The Honor of Czech Music? Fine, I Quit!

03 December 2007
I just noted that Zdeněk Mácal is now the former conductor of the Czech Philharmonic. Macal was credited with bringing the orchestra back to a former prestige for the first time since the Communist era. But apparently he didn't get on well with critics in Prague. He decided to quit the orchestra unexpectedly in response, some have suggested, to a negative review in Lidové noviny.

The critic, Czech Radio Vltava editor Jindřich Bálek, does underrate the performance, but the review headline is one of those damning by faint praise: "To the honor of Czech music without an exceptional performance." Though this may seem a lukewarm criticism, insulting Czech music can be a major offense (see my post on the "Grand Tradition"). The critic lauds the orchestra for performing "little played" pieces—in this case Dvořák's Symphony No. 2 in B-flat Major and Josef Suk's symphonic poem Zrání—but suggests that they be played in more impressive fashion. "After all, some works needto be rehearsed more, or they are better off left unplayed," he concludes, pointing out a missed opportunity for the orchestra to attract new audiences to classical music since the concert was broadcast on Czech Television.
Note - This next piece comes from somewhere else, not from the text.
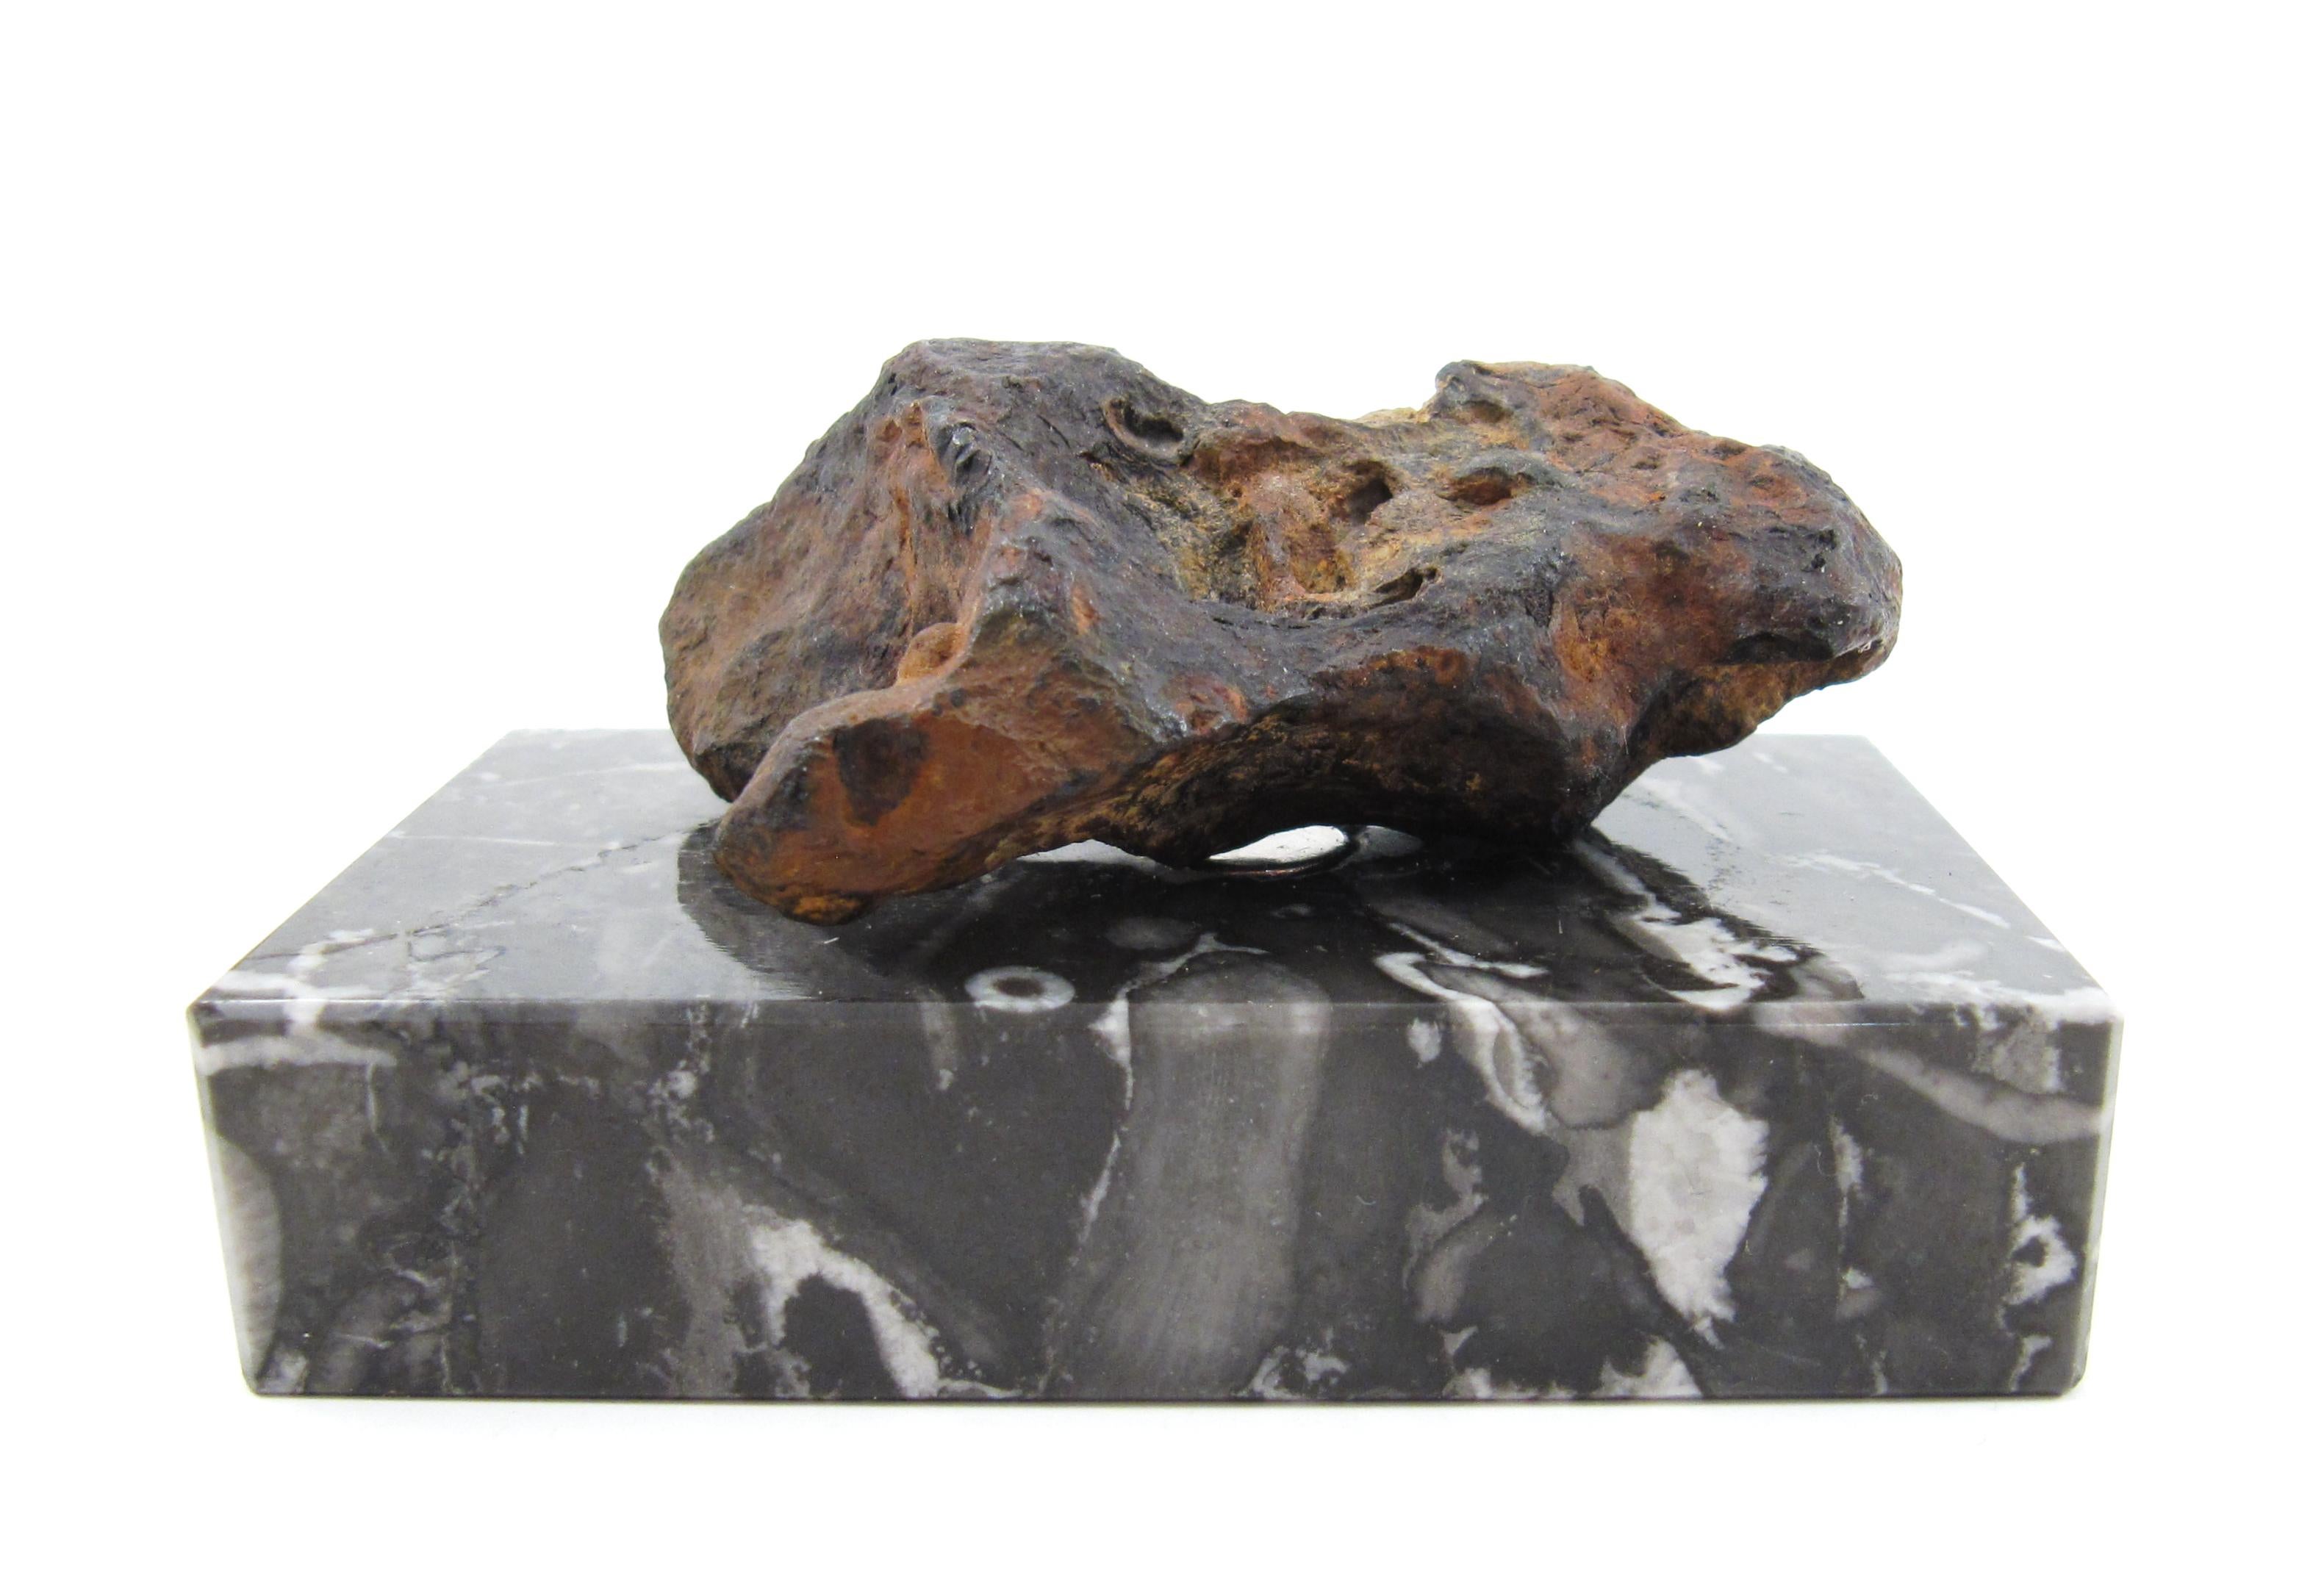 Une sculpture en fer naturelle façonnée par la nature

La météorite sculptée est présentée sur un bloc de marbre flammé noir et blanc poli et maintenue en place par un aimant puissant. Le spécimen peut être retiré ou positionné au gré du

Václav Riedlbauch, the Orchestra's executive director, told the CTK news service that Mácal "is a very emotional man, and he just reacted to the latest review on Friday the way he reacted." Riedlbauch apparently denied that there was any larger agreement between the conductor and management. I was incredulous, but the Orchestra's Web page does say that Mácal's tenure ended 8 September.